In addition, the migration of companies to Luxembourg with the continuation of their legal personality and without the need for reincorporation has always been recognised, and is a common occurrence.

V SIGNIFICANT TRANSACTIONS, KEY TRENDS AND HOT INDUSTRIES

In April 2017, Standard Industries completed its acquisition of Braas Monier Building Group SA, a Luxembourg company whose shares were at the time listed on the Frankfurt Stock Exchange. This acquisition allows Standard Industries to combine Braas Monier's operations with its European flat roofing business, Icopal, to form the largest manufacturer in the European roofing industry. The offer was initially unsolicited, and Braas Monier Building Group SA decided to take defence measures in order to render it significantly more costly for the offeror. After several court actions and discussions between both parties, a business combination agreement was entered into by the parties, following which the board of directors of Braas Monier Building Group SA recommended that its shareholders accept the revised offer, valuing Braas Monier at around US$1.2 billion.

Luxembourg remains heavily involved in major international deals structured through Luxembourg. Hence, assistance on aspects of law was required in, inter alia, the following major deals:

  1. the acquisition via Luxembourg entities of Clarion Events, an event organiser based in London with a portfolio of approximately 150 B2B exhibitions and conferences by Providence Equity Partners for about £210 million;
  2. the sale of the Helios Group to Kansai Paint by Ring International Holding for €572 million;
  3. the consortium acquisition of DIF Infrastructure and EDF Invest of Thyssengas for €700 million;
  4. the acquisition of Athlon Car Lease International by Daimler for €1.1 billion;
  5. the acquisition of the RFR Holding real estate portfolio by Sigma Prime Selection for €1.5 billion;
  6. the acquisition of Tumi Holding by Samsonite for US$1.8 billion;
  7. the acquisition of TNT Express by FedEx for US$4.8 billion;
  8. the combination of the European wealth management activities of UBS through the cross-border merger of several entities into UBS Europe SE, located in Frankfurt;
  9. the sale of 58 per cent of the stake of CVC Capital Partners in IDC Salud to Fresenius for €5.75 billion; and
  10. in February 2018, BGL BNP Paribas and ABN AMRO Bank NV announced an agreement regarding the acquisition by BGL BNP Paribas of all the outstanding shares in ABN AMRO Life SA and ABN AMRO Life SA. This acquisition will strengthen the leading position of the BNP Paribas Group in Luxembourg.

VI FINANCING OF M&A: MAIN SOURCES AND DEVELOPMENTS

In addition to financing by cash resources, Luxembourg law and existing practice in Luxembourg provide for a large range of financing possibilities and instruments. It is possible to gain financing, inter alia, through an issue of shares, securities and other financial instruments carrying specific financial or voting rights such as preferred dividend rights, tracking securities, subordinated loans or securities, securities with arrangements ensuring multiple voting rights, convertible instruments, securities or loans with profit-participating elements.

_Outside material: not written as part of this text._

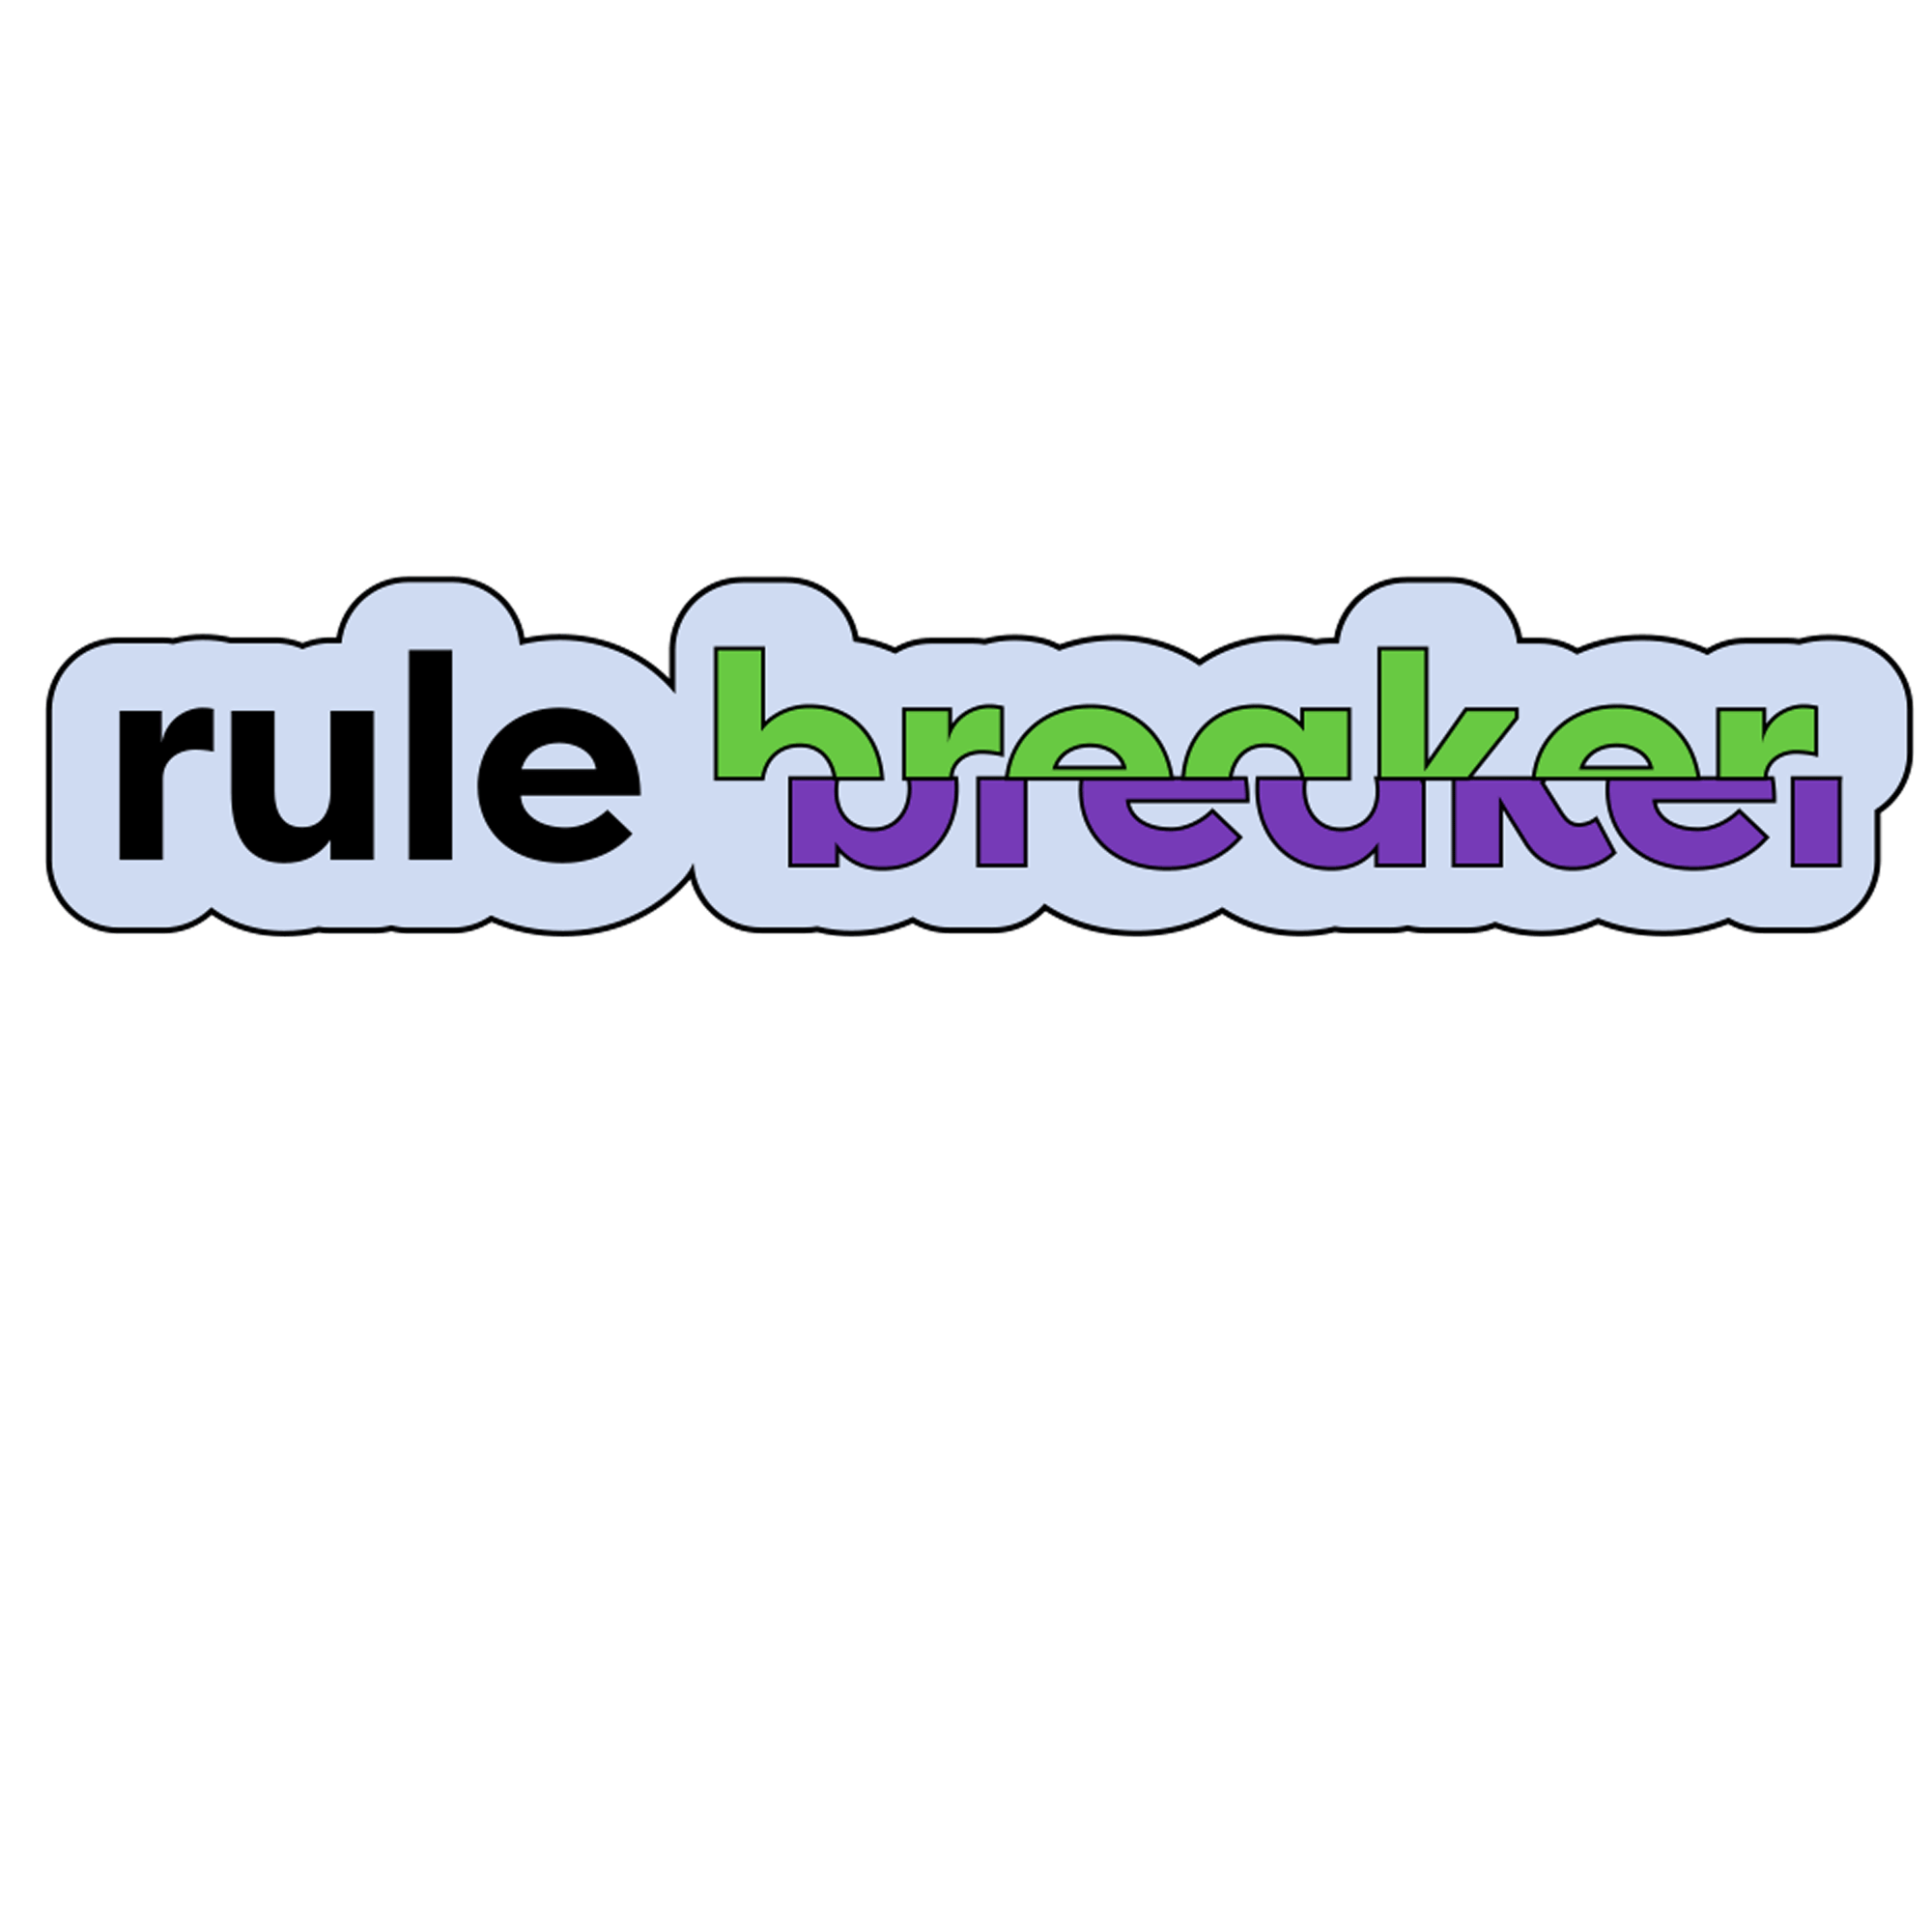 A moving image where the word "rulebreaker" is sliced in half

On the equity side, we see contributions to a company's equity account with or without the issue of shares by the company to be financed. In the latter case, the contribution is made to the freely distributable account (account 115) of the company, which is termed a 'contribution to equity capital without issue of shares (capital contribution)' pursuant to the Grand Ducal Decree dated 10 June 2009 on the presentation and content of a standard chart of accounts, this being a sub-account of the share premium account of the company. Alphabet shares, tracking shares and shares with differing par values are also possible, and are now recognised by the New Company Law.

On the debt side, entities are financed through loans that may be interest-bearing, profit-participating, convertible or tracking. However, transfer pricing rules must be complied with, and payments must be at arm's length.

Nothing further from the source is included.